As shown in Figure 3, the same row of grid cells in the car light control interface can correspond to the same car headlight; the same column of grid cells in the car light control interface can correspond to the same timing node. The car light control can be set on each grid unit according to the car lights and timing nodes it controls.

For example, in Figure 3, car light control 2A can control the switch state of car light A at timing node 2. For another example, the car light control 4C can control the switch state of the car light C at timing node 4. The switch status of each car light required by the user at each timing node can be determined by obtaining the user's clicks and other operations. The above is only a vehicle light control interface according to one embodiment of the present application, and does not limit the visualization form of the vehicle light control interface.

Based on the above solution, the technical solution provided by this application includes a car light control interface that can facilitate user operations to a certain extent. It also displays the switching status of each car light at each timing node through a visual interface to facilitate user modification or optimization. Personalized car light effects.

Please refer to FIG. 4 , which shows a schematic diagram of the vehicle light control interface of the automobile light control method in one embodiment of the present application. In this application, the user can switch the car light control into two different expressions through operation. Each expression corresponds to the on or off state of the car light. Therefore, the user can more conveniently obtain the status of each car light on each timing node. switch status. For example, as shown in FIG. 4 , the car light control 3B may have two expression forms, and each expression form may respectively correspond to the on or off state of the car light. When the car light control 3B is in the off state, the name of the car light control 3B can be displayed; when the car light control 3B is in the off state, the dark filling state of the car light control 3B can be displayed. Users can obtain the switching status of each car light at each timing node based on the distinct expression differences of the car light controls in the two states. The above is only a vehicle light control interface according to one embodiment of the present application, and does not limit the visualization form of the vehicle light control interface.

Please refer to FIG. 5 . FIG. 5 shows a schematic diagram of the vehicle light control interface of the automobile light control method in one embodiment of the present application. As shown in Figure 5, car light control 3A, car light control 2B, car light control 4C, car light control 3D, and car light control 4D are in a dark filled state, which means that car light control 3A, car light control 2B, car light control The light control 4C, the car light control 3D, and the car light control 4D are in the open state, so at least it can be achieved: at the timing node 1, all car lights are turned off; at the timing node 2, the car light B is turned on, and the other car lights are turned off. ; At timing node 3, car lights A and car lights D are turned on, and the other car lights are turned off; at timing node 4, car lights C and car lights D are turned on, and the other car lights are turned off.

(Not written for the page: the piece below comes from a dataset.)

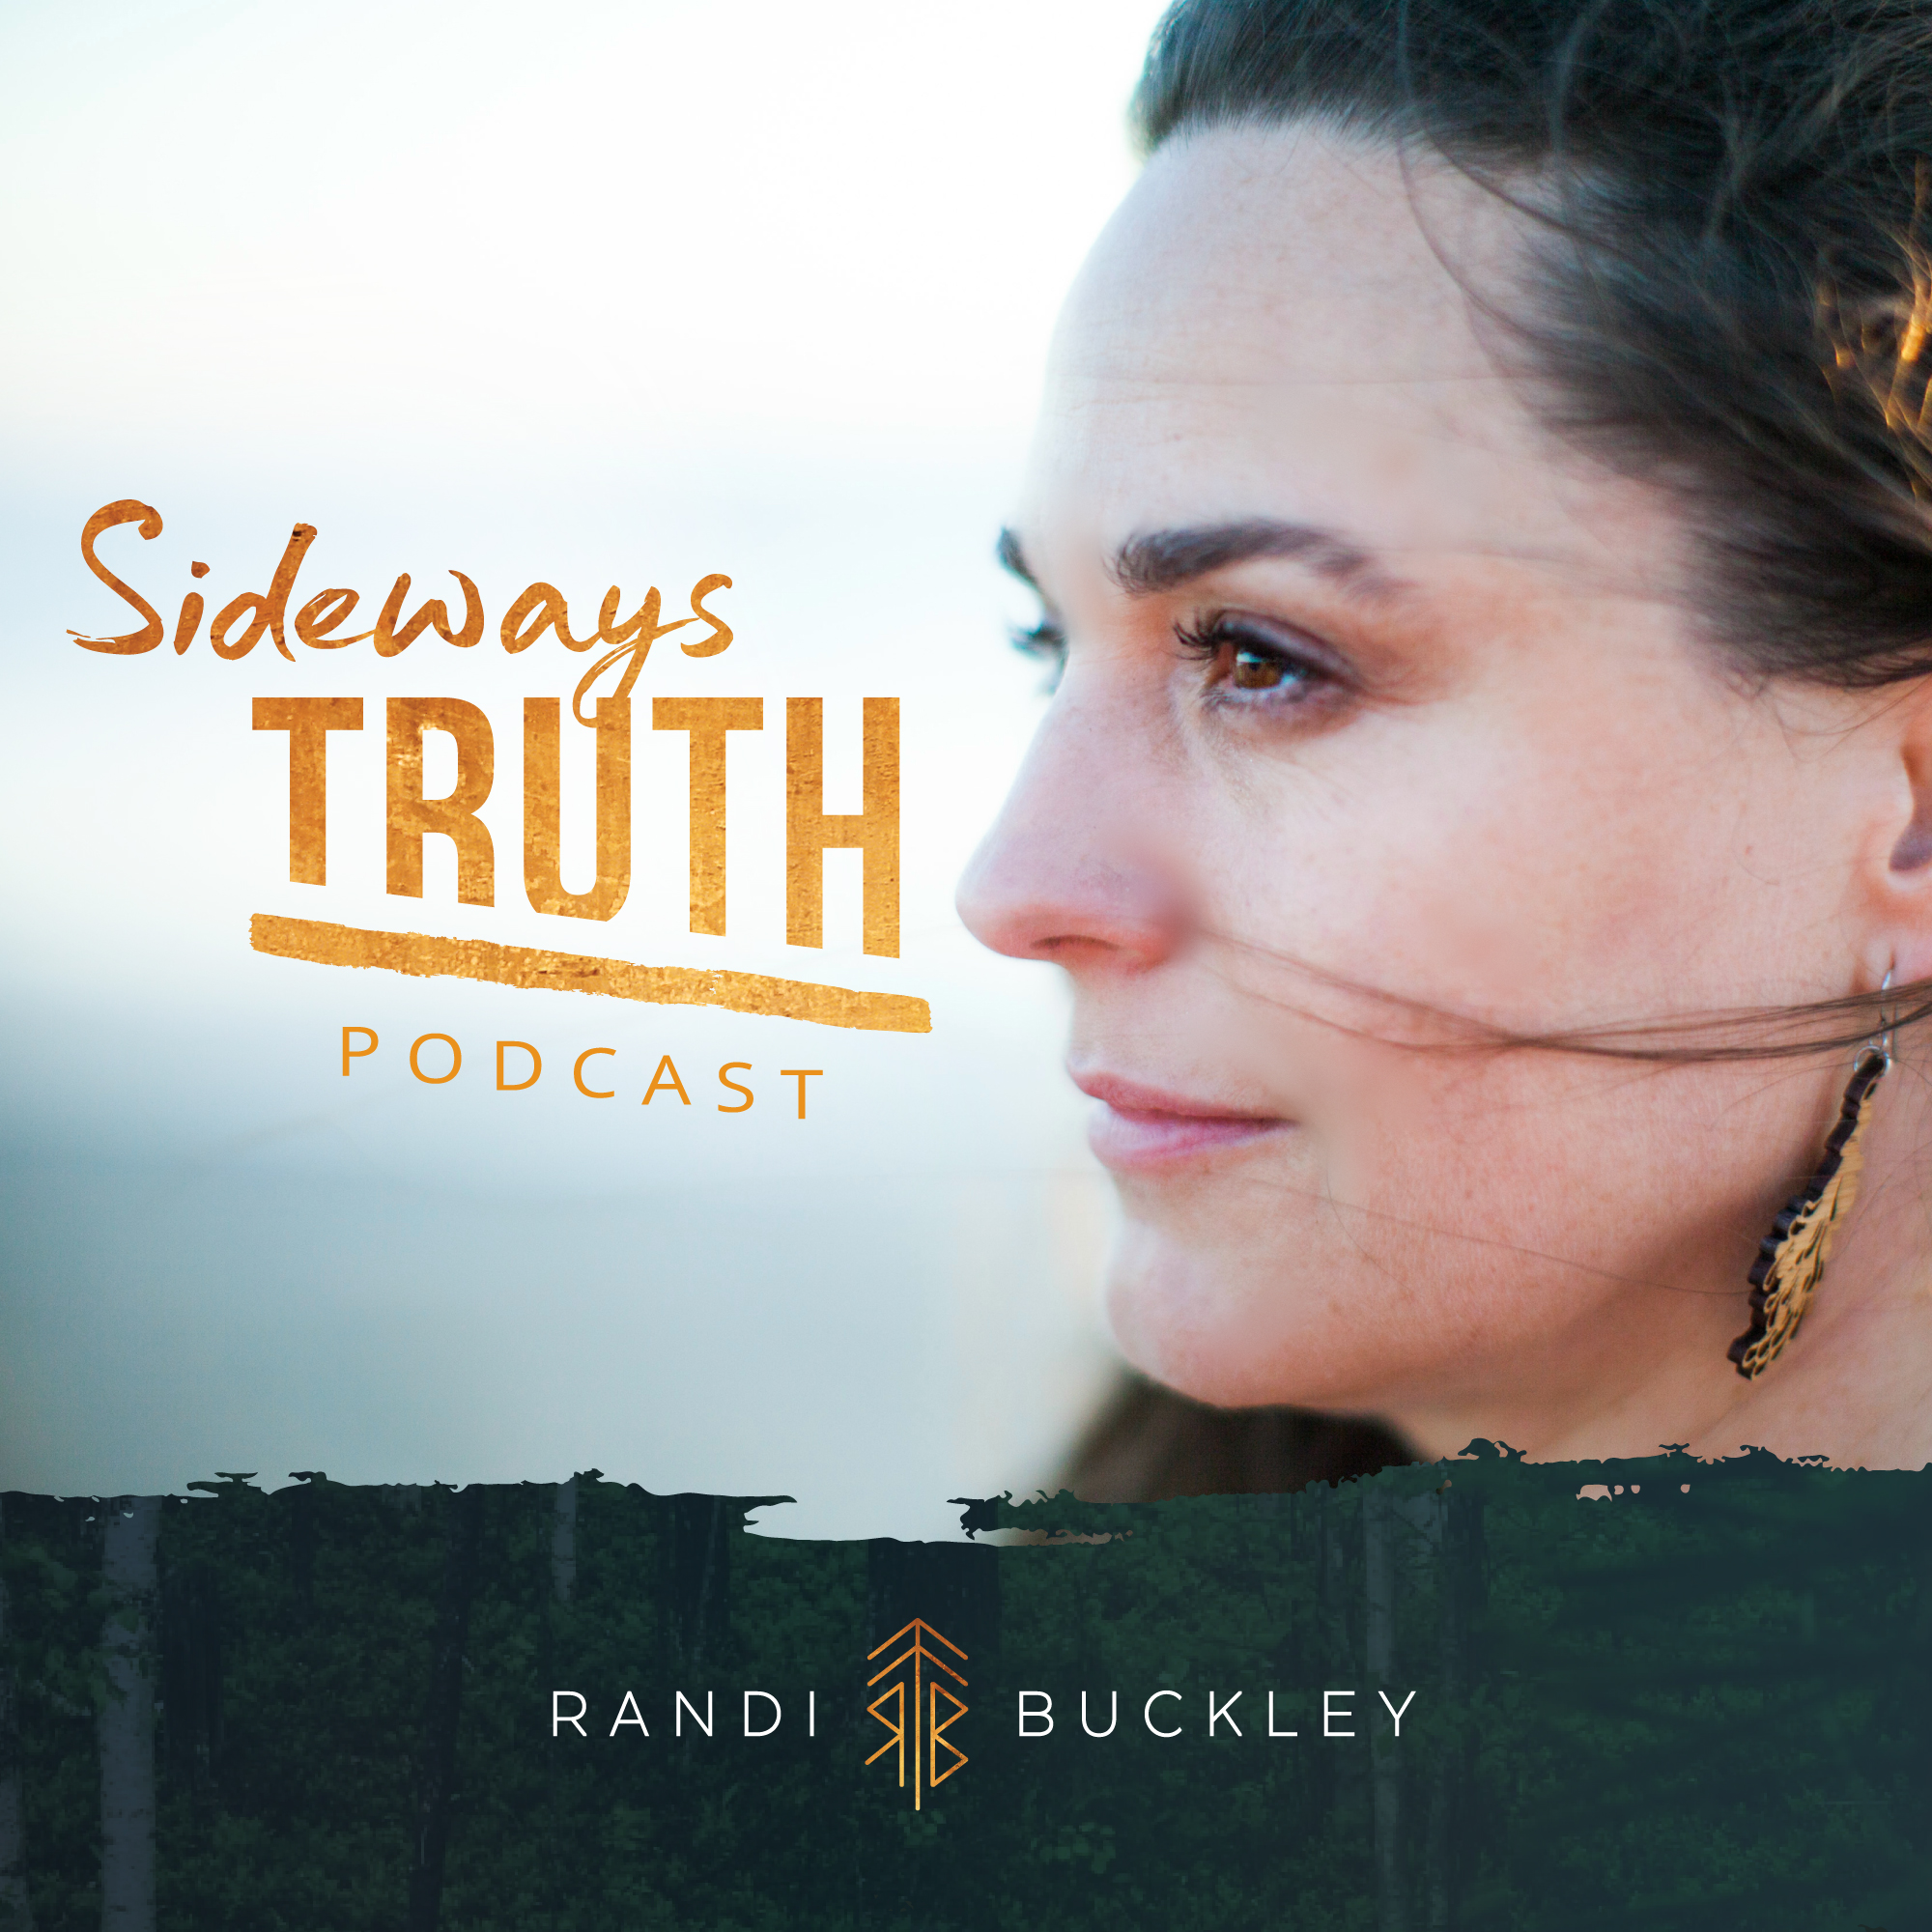 Sideways-Truth-Podcast-Artwork-REVISED (1).jpg
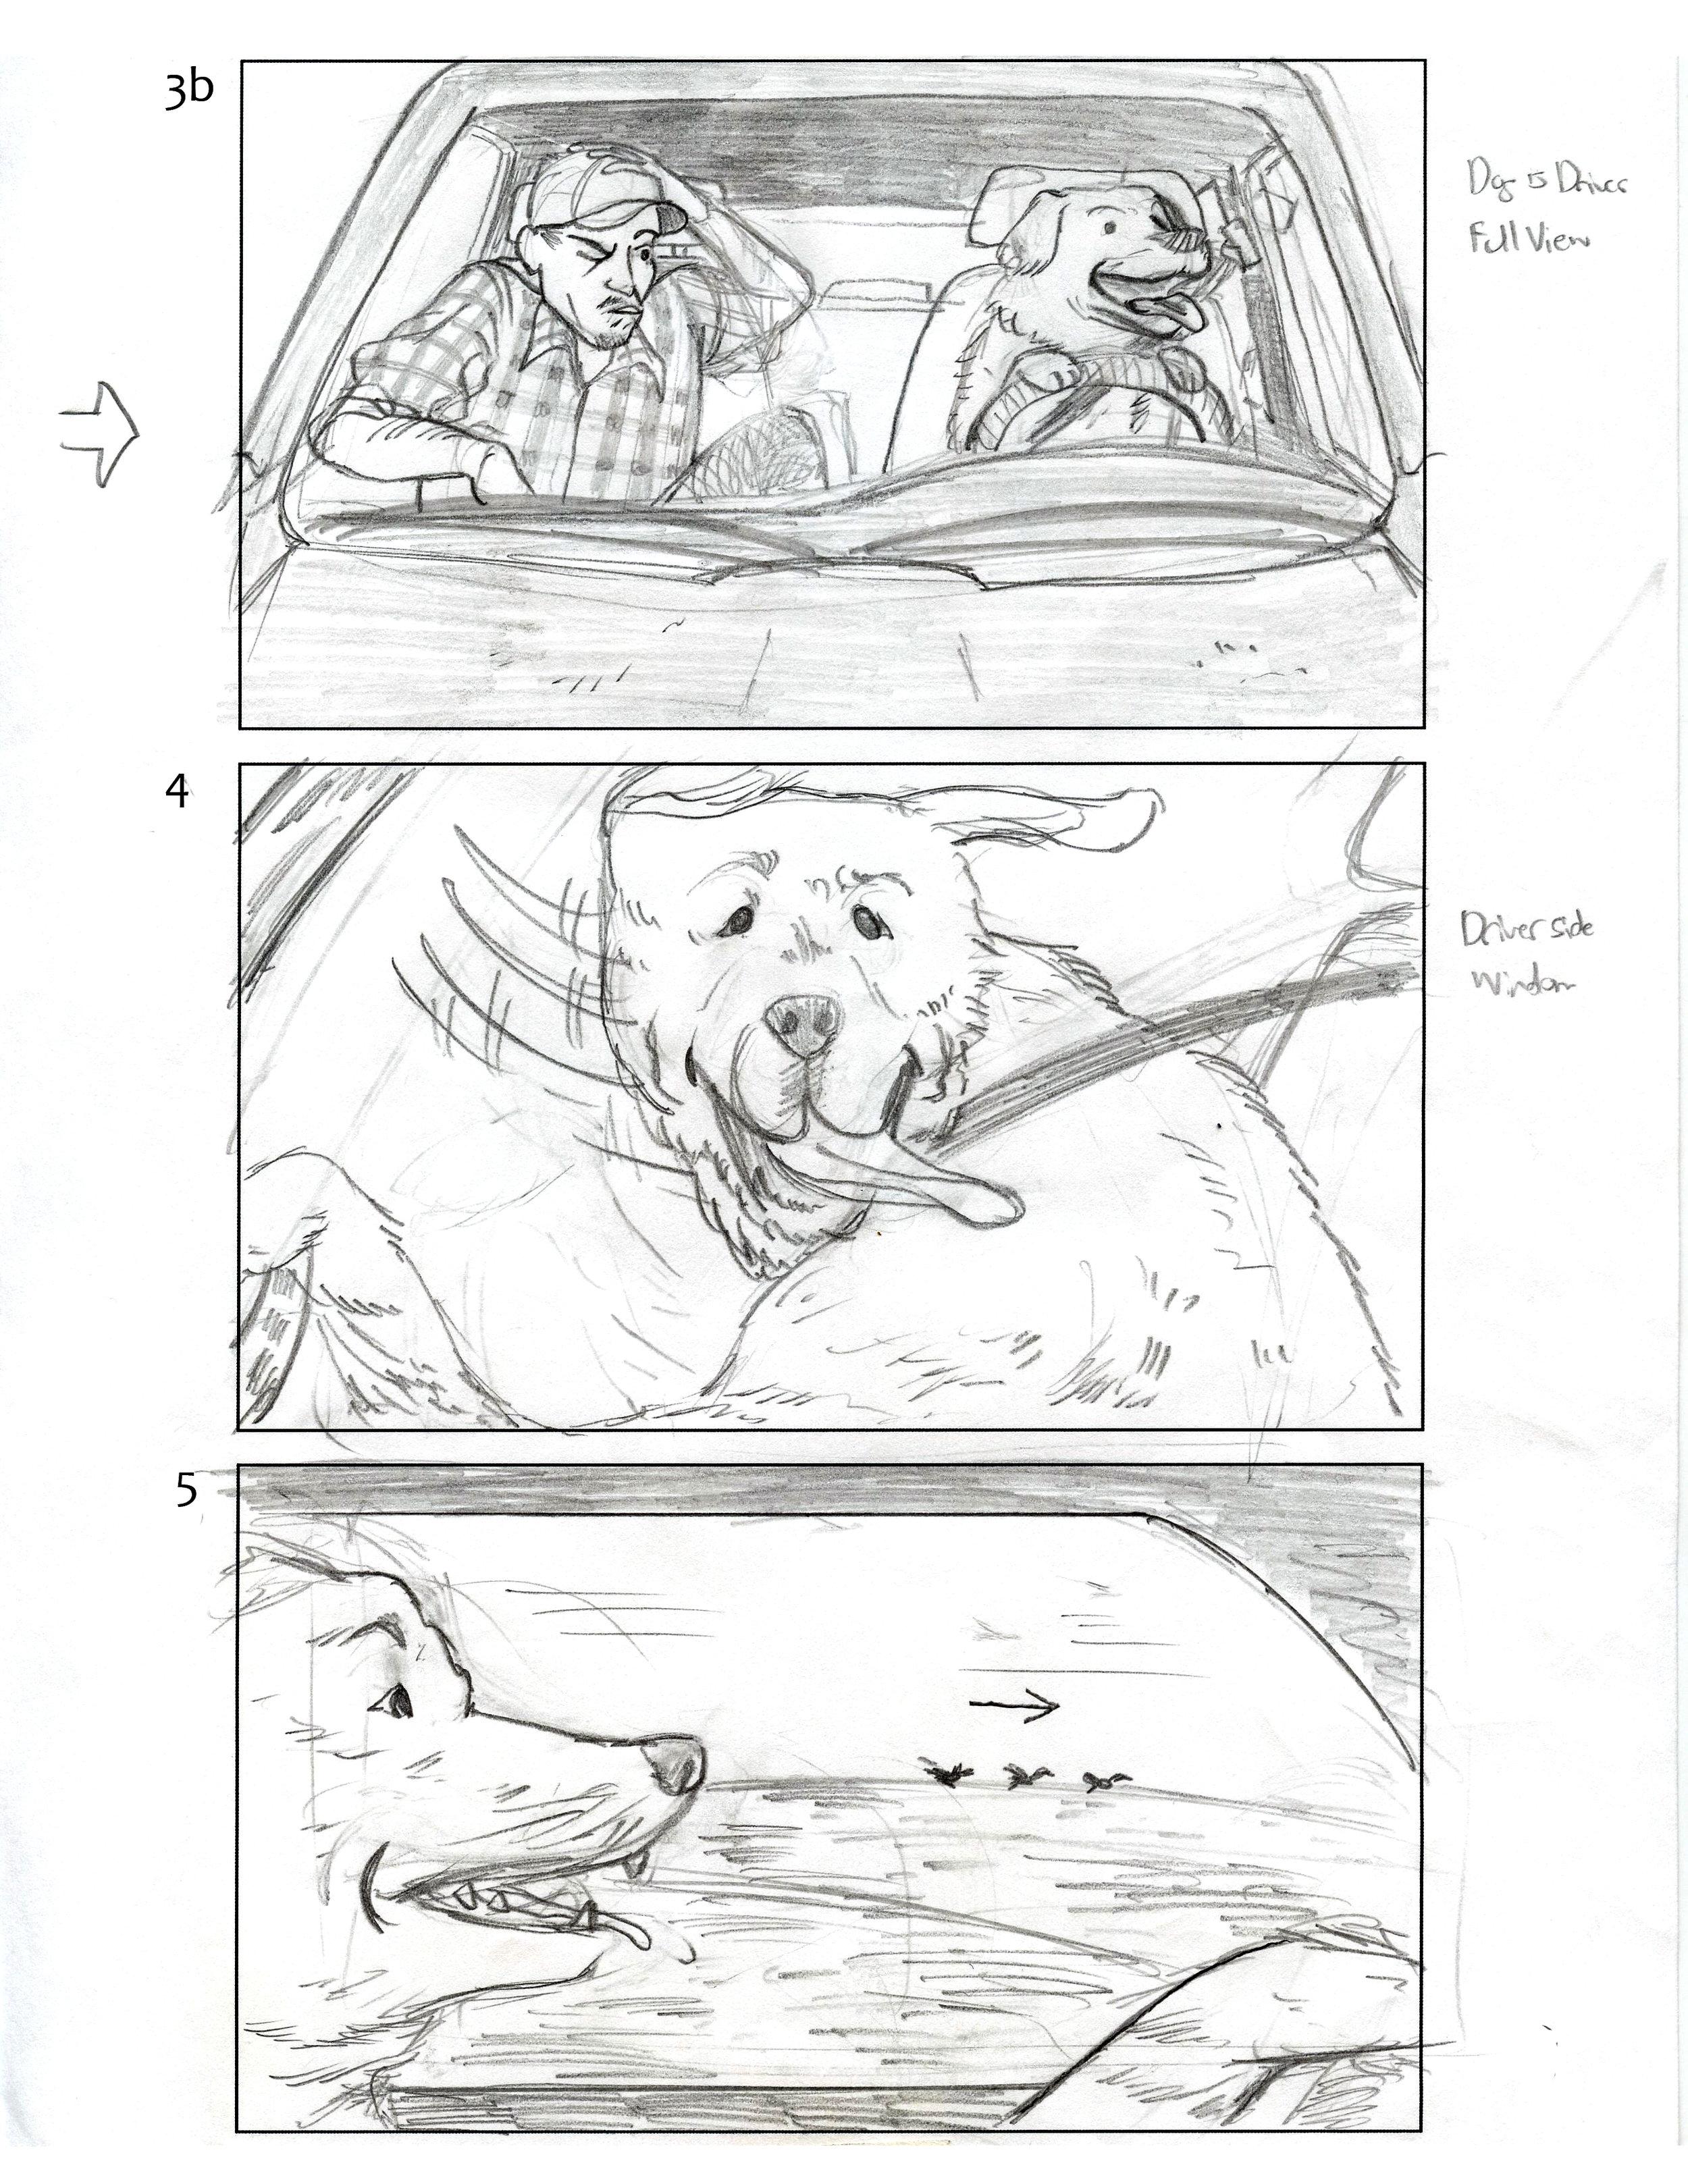 Storyboard2_3b-5.jpg

Therefore, at least within a period of time from timing node 1 to timing node 4, each car light can be controlled to turn on or off according to the control data determined by the car light control interface, thereby realizing personalized car light effect settings. The above is only a vehicle light control interface according to one embodiment of the present application, and does not limit the visualization form of the vehicle light control interface.

Based on the above scheme, this application allows users to easily and quickly compile a personalized car light control scheme, and intuitively displays the control scheme on the visual interface. The user can optimize the personalized control scheme through interaction with the visual interface.

Please refer to Figure 6. Figure 6 shows a schematic flow chart of a method for controlling automobile lights in one embodiment of the present application. In the process of generating the switching status of the target lights corresponding to the target light control components at each time sequence node, After controlling the data, the method may also include steps S601-S602:

Step S601: Obtain the circuit connection information of each vehicle light, and determine the combination of vehicle lights that cannot be turned on at the same timing node based on the circuit connection information.

Step S602: If the control data controls the vehicle light combination to be turned on at the same timing node, information that the control operation for the target vehicle light control component needs to be re-executed is pushed to the user.

In this application, there may be a combination of car lights that cannot be turned on at the same time, such as low beam and high beam on the same side. However, there may be a user's erroneous operation that causes the control data to control the car light combinations that cannot be turned on at the same time. Therefore, a reminder or warning function needs to be added to promptly notify the user to make modifications when the above event occurs.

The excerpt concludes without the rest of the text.